You prefer Babylon 5 to Star Wars? I shall have to curse your name for all eternity! 
You think Batman would kick Superman’s butt? To the torches, villagers, time to light the pyre!

The dark-side is that: as long as you’re a straight white male, it’s all in good fun. Doesn’t matter if you’re tall or short, skinny or fat, what language you speak or even what country you’re from — we may not like your opinion, but you’re still “one of us.”

If this criteria doesn’t apply to you, geeks can be a pretty unaccepting bunch. While the geek community has its share of veritable female celebrities in Felicia Day, Veronica Belmont and others, the mere mortal female geeks – especially women gamers – frequently find that they aren’t taken seriously as geek-peers. In the hyper-masculine world of mainstream comics female protagonists are still the exception; and even if women  are represented as heroic equals, they are almost always sexualized to please a straight male audience. On the cinematic side of things, most popular films still fail the Bechdel test with flying colors; Geek-favorite genres like science fiction and fantasy emphatically included. In the same vein, LGBT characters are rarely ever more than comic-relief sidekicks at best. And as for video games?  Well, let’s not even go there….

laraoldandnewThat said, there are cases when media is actually ahead of its audience.

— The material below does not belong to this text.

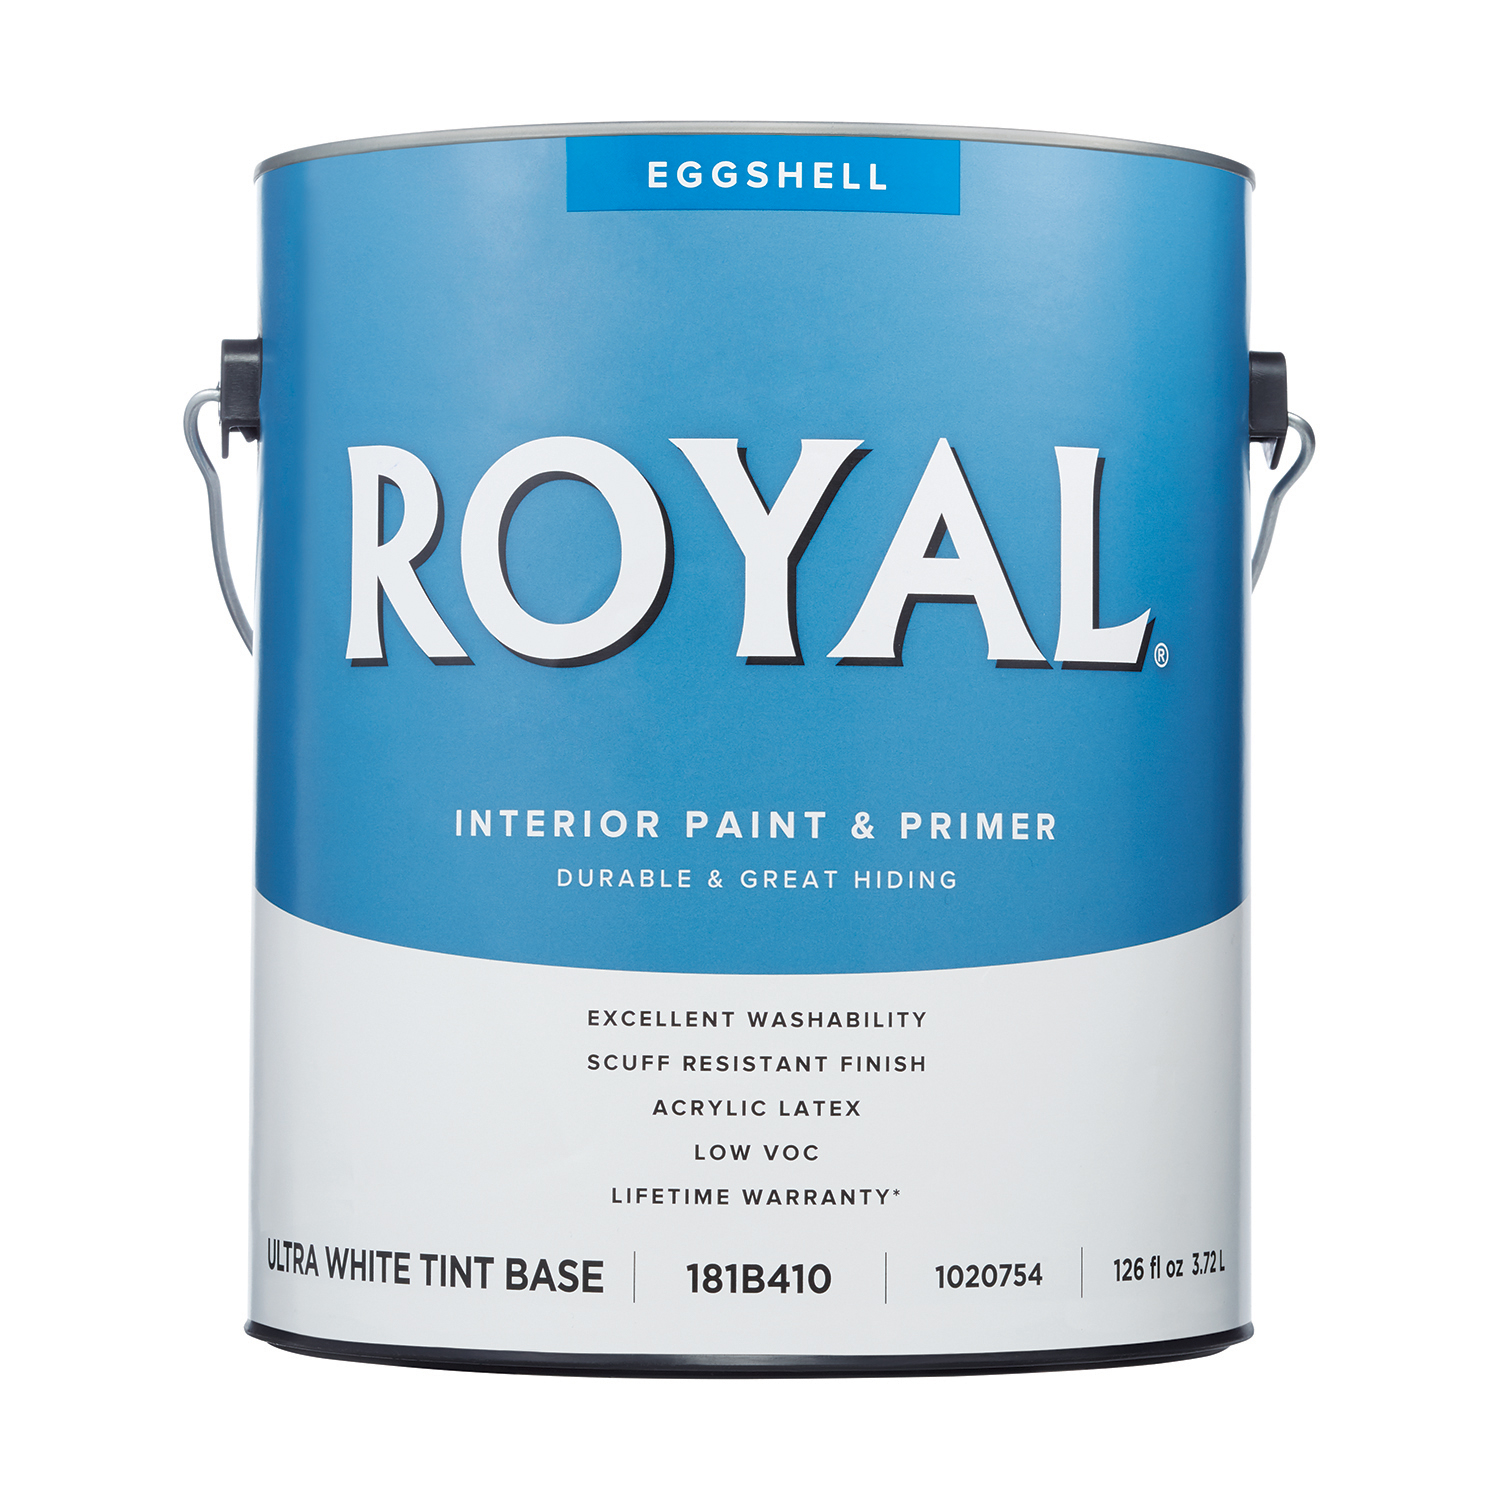 Royal Eggshell Tint Base Ultra White Base Paint Interior 1 gal

The television series and films of fan-favorite Joss Whedon frequently feature crucial and centralized female and gay characters. Only this month, comic books have seen the arrival of a Muslim woman taking over the iconic role of Ms. Marvel. And even recent video games have not only re-envisioned previous sex symbols like Lara Croft to a more emancipated, empowered storyline and introduced strong new female protagonists like Beyond: Two Soul’s Jodie, but also put homosexual relationships front and center in blockbuster titles like Mass Effect 3.

It’s time for all geeks to take notice of this trend and get with program. The fact is that the stuff that we all love doesn’t get worse without all those ‘isms’ that still widely permeate it; it gets better. And just as narratives become more interesting through more diverse characters, so do communities.